5. Results: Yields and comparison with previous work

In this section, we extensively compare our work with previous studies that have adopted the same progenitors to perform explosive nucleosynthesis calculations. The goal is to highlight how different explodability and different explosion engines (i.e., a different explosion dynamics) affect the results. Moreover, comprehensive comparisons between nucleosynthesis calculations from sophisticated explosion simulations (e.g., this work) and more simplistic, widely used explosion models remain scarce in the literature. A sample of elemental and radioactive isotope yields is shown in Appendix D, and the full tables are available online (see Data Availability section).

5.1. Comparison with PUSH and WH07

As mentioned above, the WH07 models analyzed in this work include those from Woosley & Heger (2007), who performed explosive nucleosynthesis calculations using the piston model to simulate shock propagation (see, e.g., Woosley & Weaver 1995; Woosley et al. 2002). In particular, they provide four different explosion models for each progenitor: (i, ii) setting the mass cut at either the iron core edge or where the specific entropy per baryon is 4; (iii, iv) setting the explosion energy (i.e., kinetic energy of the ejecta at infinity) to 1.4 or 2.4 B.

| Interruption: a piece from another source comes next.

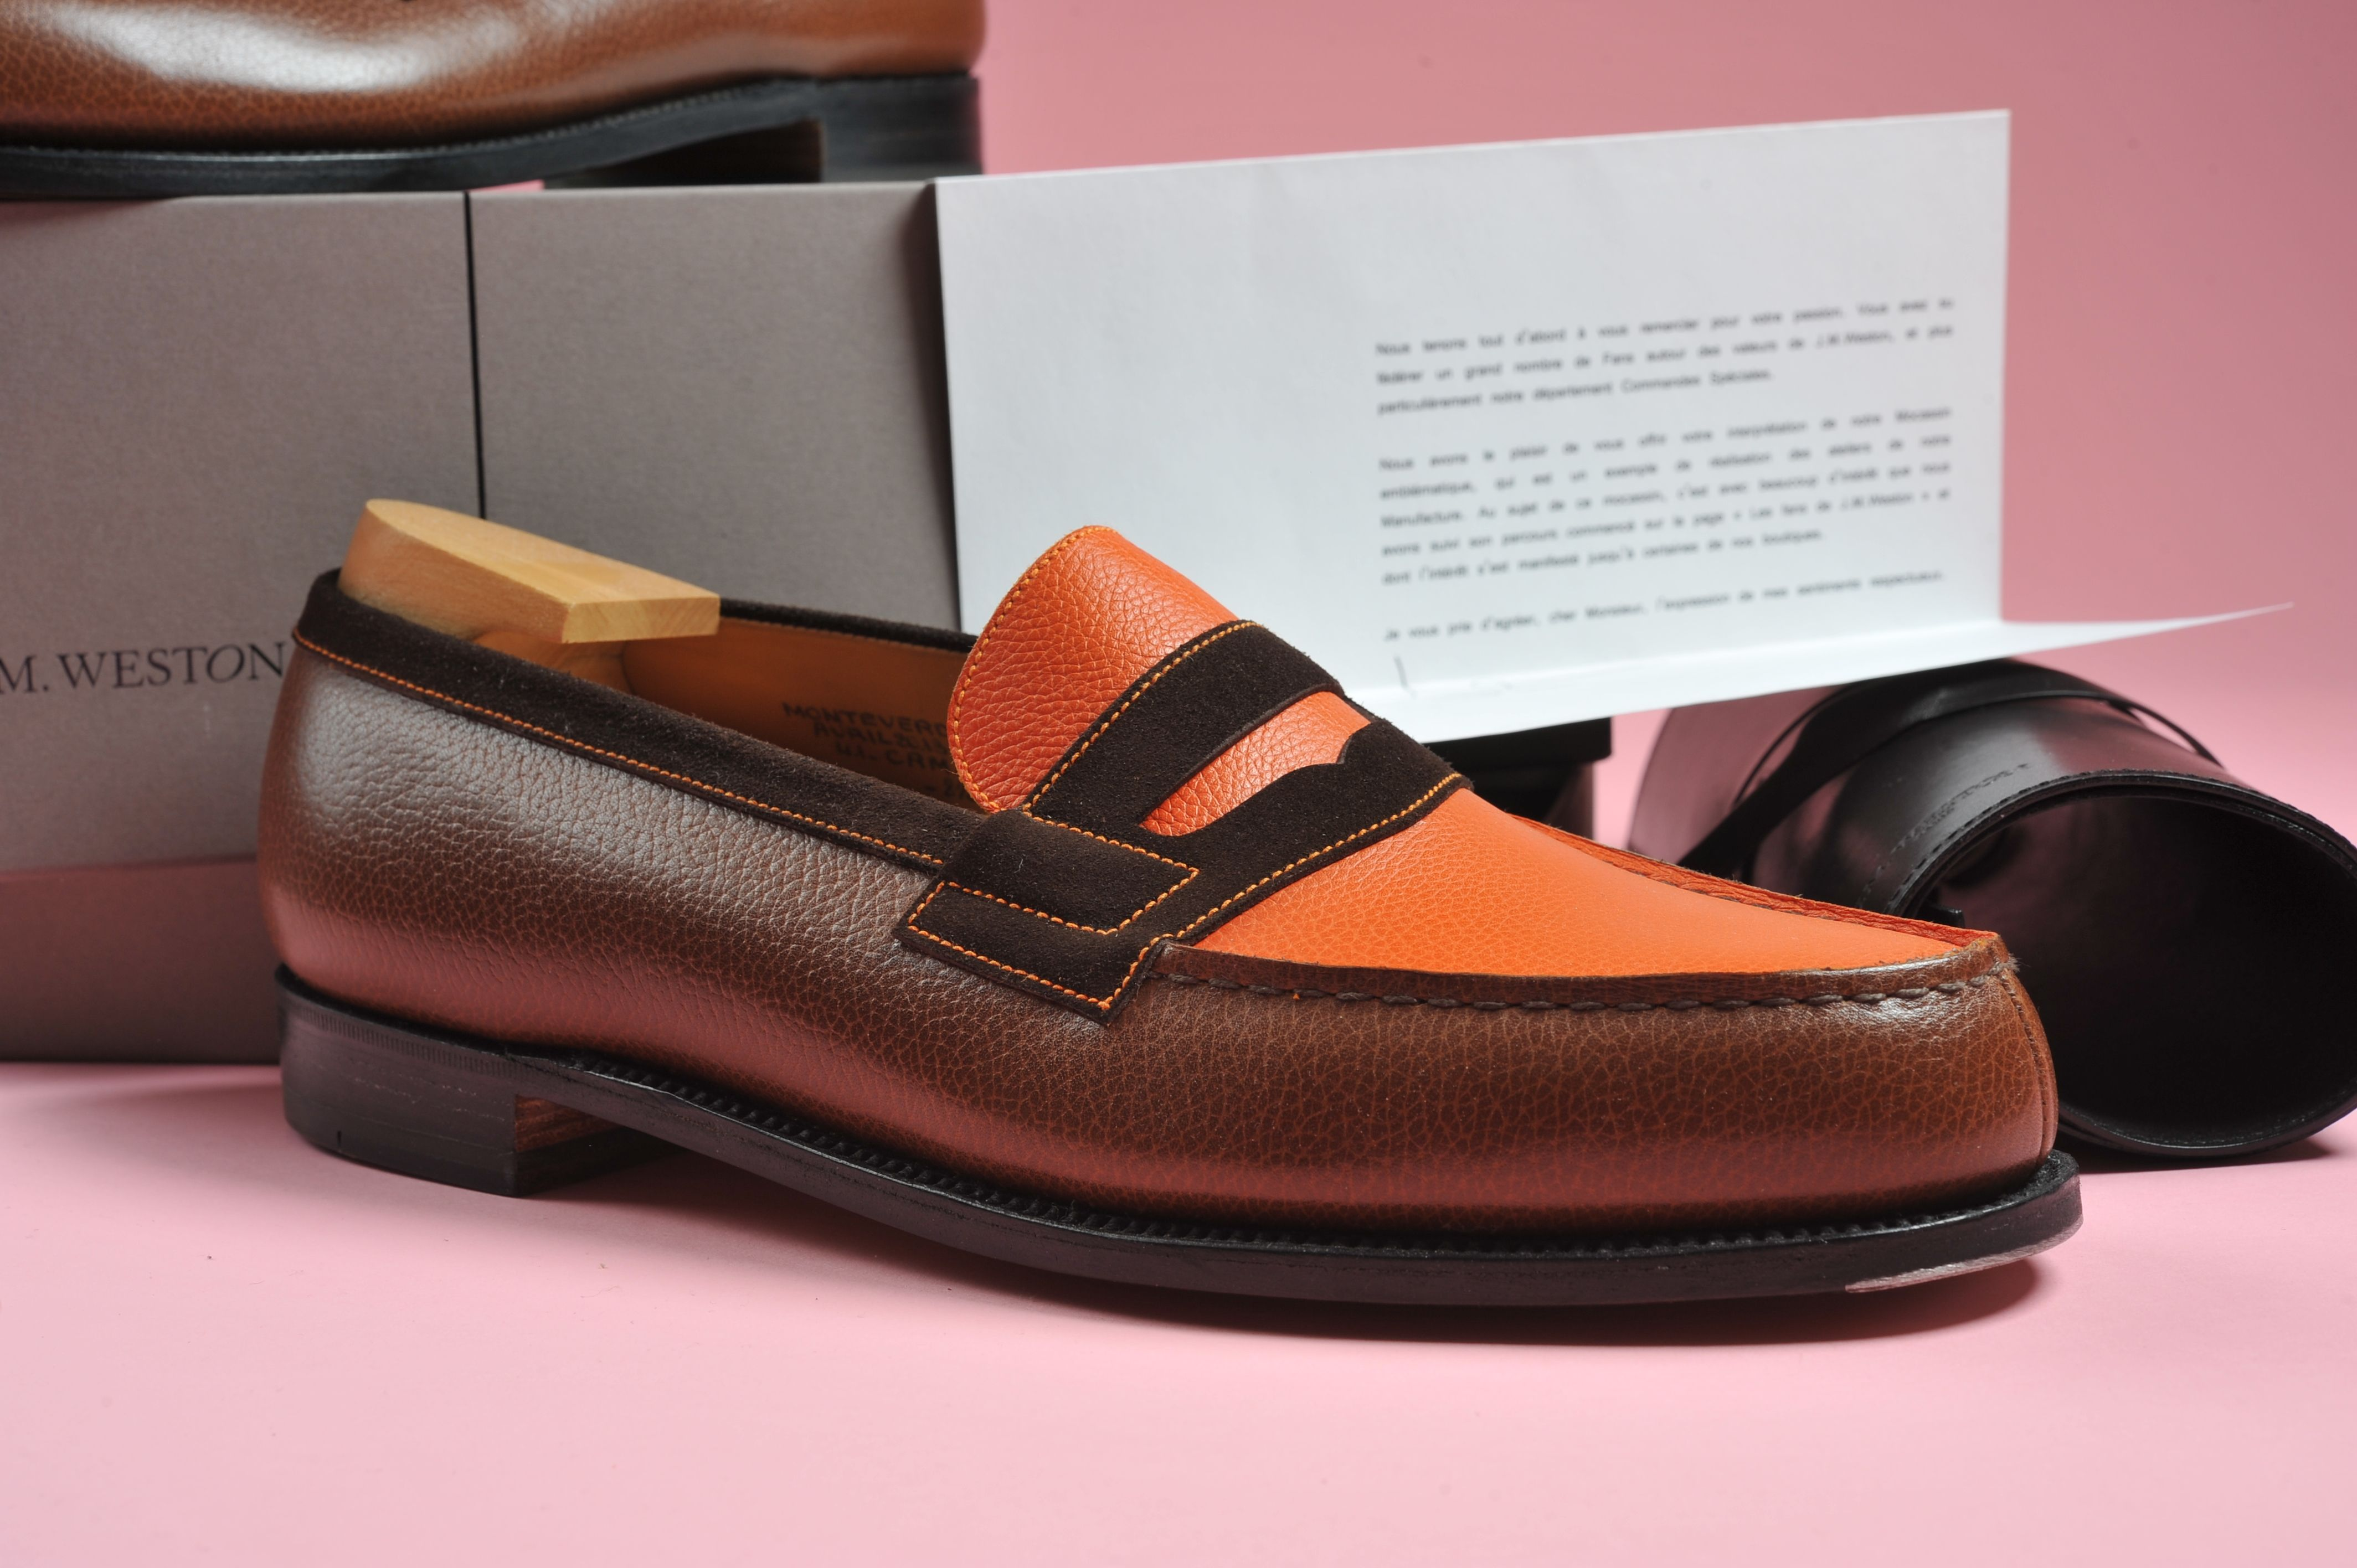 c78c0b25f91 J.M. Weston loafer 180 Safari. Special order.

We compare our results to WH07 models with a 1.4 B explosion energy and mass cut at a specific entropy per baryon of 4, (roughly the Si/O interface) because, as seen in Fig. 1, our explosion energies for all the WH07 progenitors are lower than 2.0 B. We stress again that these widely used nucleosynthesis yields treat explosion energy as a free parameter and is usually fixed for all progenitors, which is, of course, nonphysical as discussed in the previous section. We only compare to the WH07 set where the mass cut is set to the Si/O interface since, as it has extensively been shown (Boccioli et al. 2025a, 2023; Vartanyan et al. 2021; Lentz et al. 2015; Summa et al. 2016; Vartanyan et al. 2018; Ertl et al. 2016; Wang et al. 2022; Tsang et al. 2022), the accretion of this interface through the shock often corresponds to the onset of the explosion, and therefore its location roughly corresponds to the remnant mass (Boccioli & Fragione 2024; Liu et al. 2021; Raithel et al. 2018; Patton & Sukhbold 2020).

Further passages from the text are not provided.